SAN FRANCISCO/MOSCOW (Reuters) - The Kremlin will take action against Alphabet Inc’s (GOOGL.O) Google if articles from Russian news websites Sputnik and Russia Today are placed lower in search results, the Interfax news service cited Russia’s chief media regulator as saying on Tuesday.
Alexander Zharov, head of media regulator Roskomnadzor, said his agency sent a letter to Google on Tuesday requesting clarification on comments Saturday by Alphabet Executive Chairman Eric Schmidt about how the Russian websites would be treated in search, according to Interfax.
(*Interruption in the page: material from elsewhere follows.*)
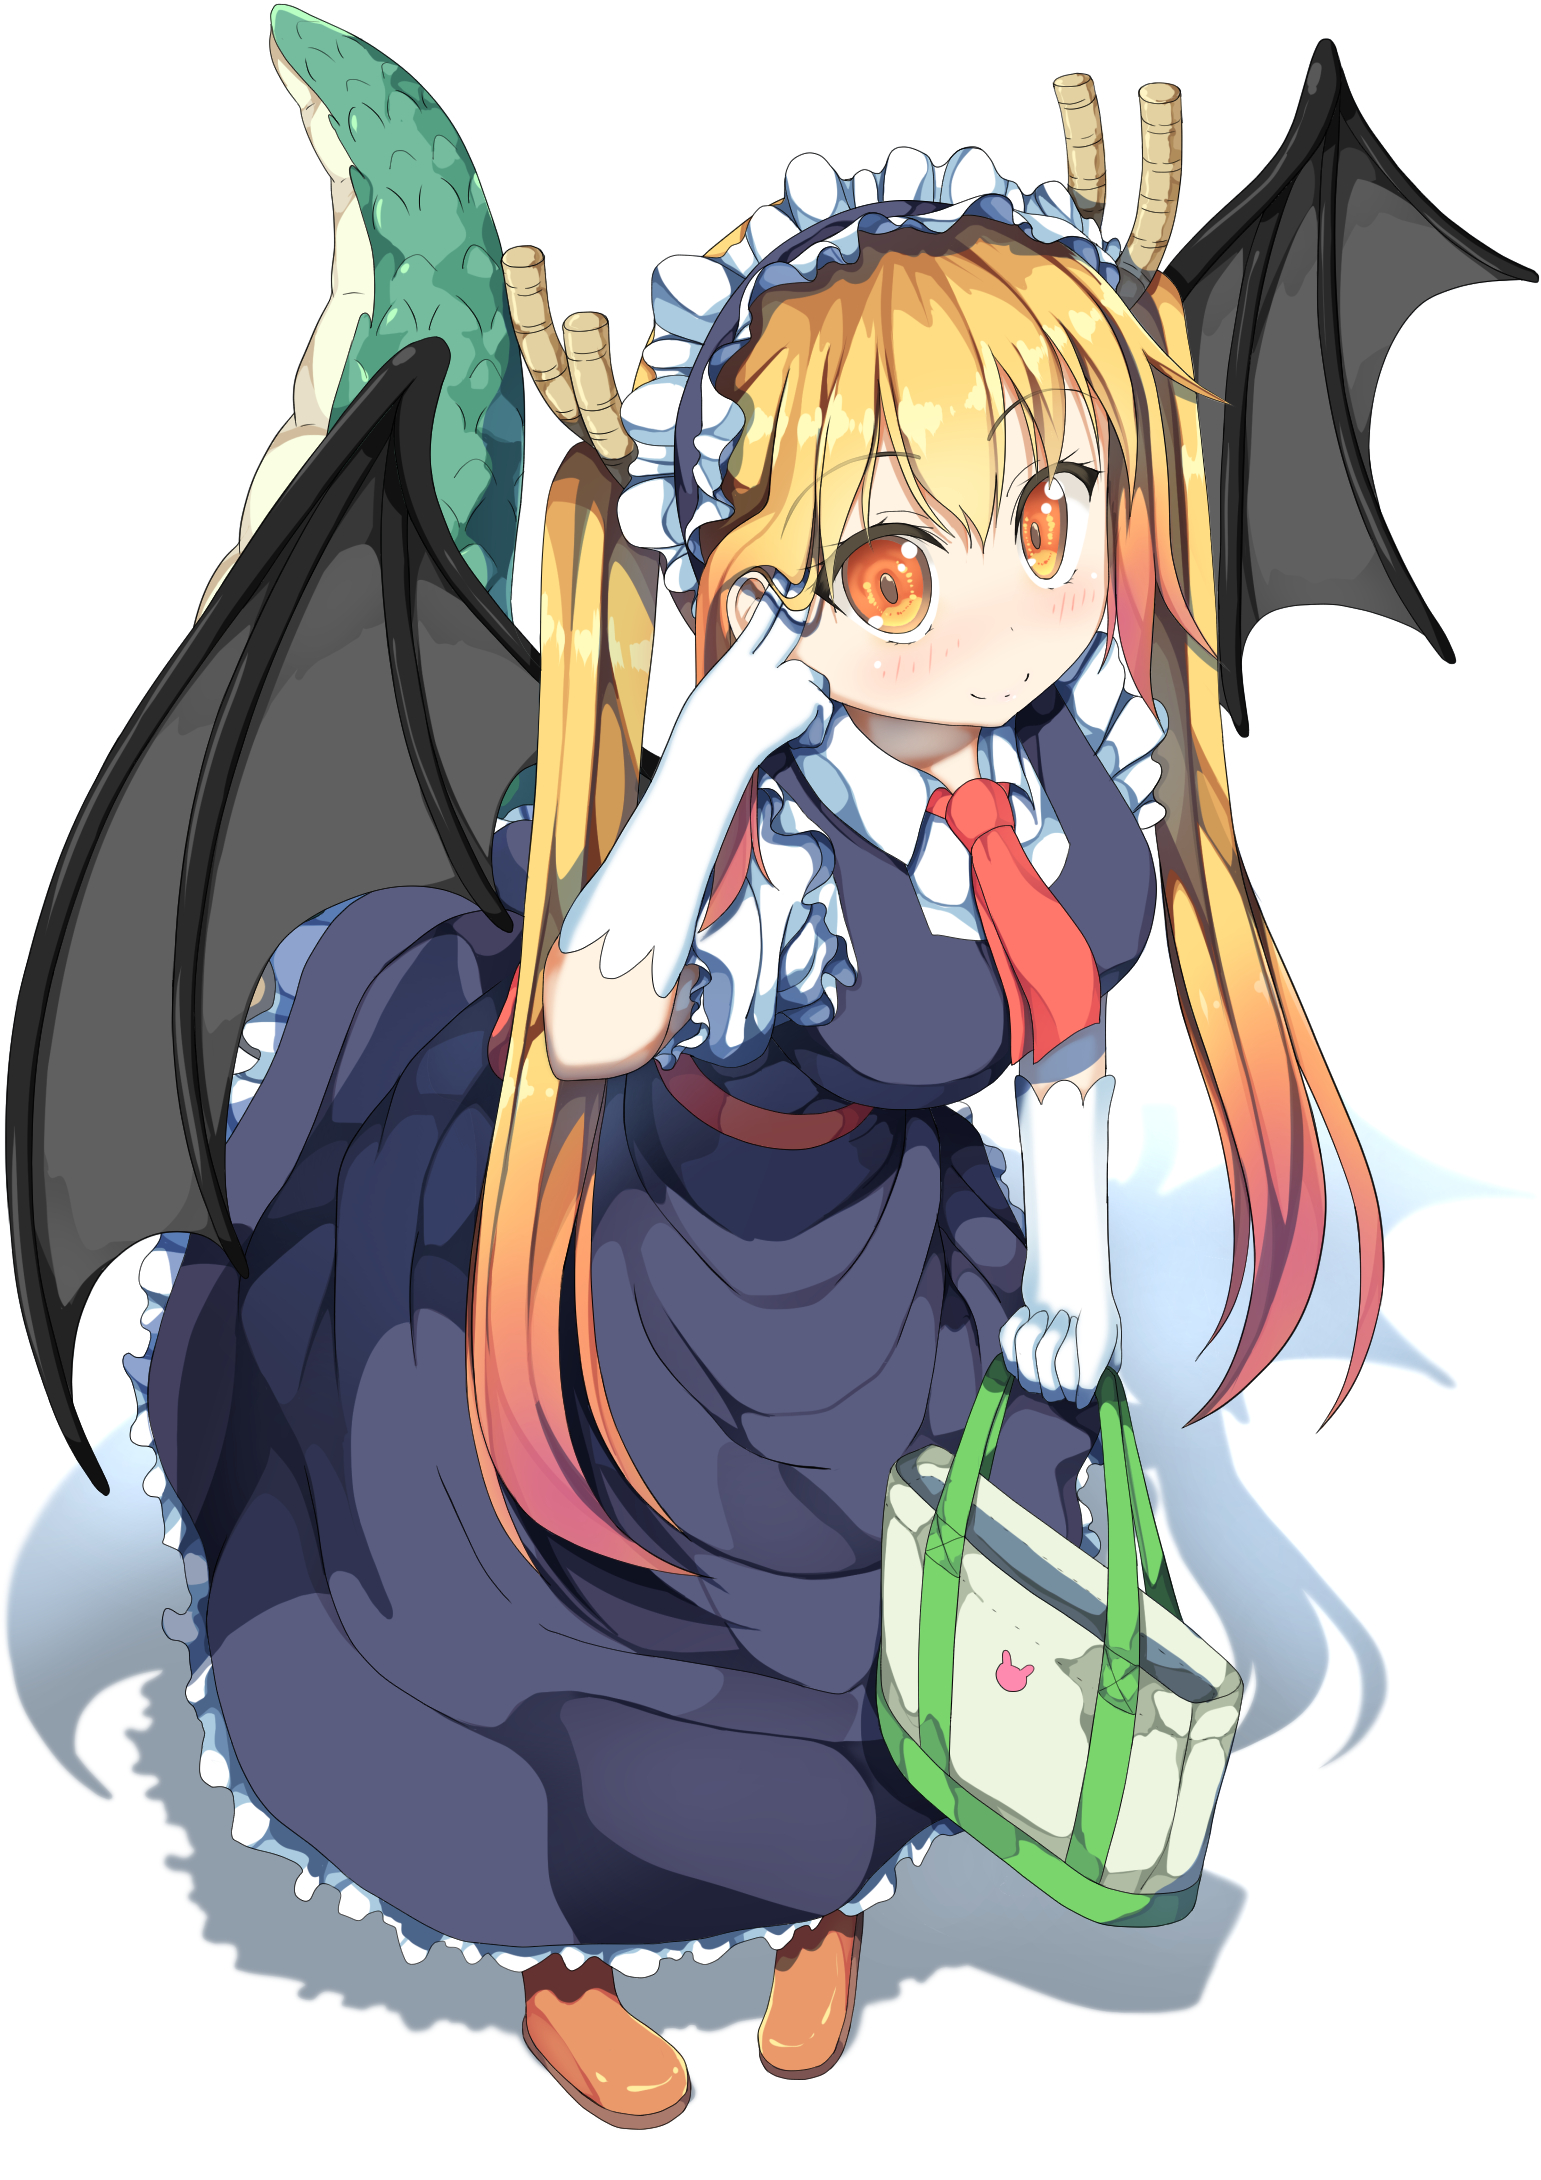 Maid dragon

“We will receive an answer and understand what to do next,” Interfax quoted Zharov as saying. “We hope our opinion will be heard, and we won’t have to resort to more serious” retaliatory measures.
Schmidt, speaking on stage at the Halifax International Security Forum on Saturday, responded to a question about Sputnik articles appearing on Google by saying the company was working to give less prominence to “those kinds of websites” as opposed to delisting them.
The Russian government funds Sputnik and Russia Today, or RT. Both of the websites spread misinformation and published stories that were negative toward Hillary Clinton during the 2016 U.S. presidential election, U.S. intelligence agencies have said.
“It’s basically RT and Sputnik that are the two, and there’s a whole bunch of coverage about what we’re doing there,” Schmidt said, according to a video of the talk posted on the event’s Facebook page.
Google spokeswoman Andrea Faville said Schmidt was referring to ongoing efforts announced in April to demote search results that link to low quality, false and deliberately misleading content. The company said at the time it would work to highlight authoritative content.
Google does not manually assign rankings to individual websites, Faville said, but analyzes a website’s attributes to automatically give it a position in results.
Russia’s Zharov said he would monitor “how discriminating this measure will be in its practical embodiment,” Sputnik reported Tuesday. “It is obvious that we will defend our media,” he said.
RT had received guaranteed ad revenue from YouTube until September, when the Google unit removed it as preferred partner.
“We didn’t see this a few years ago,” Schmidt told the Halifax gathering about the propaganda. “We didn’t realize this could be so pervasive.”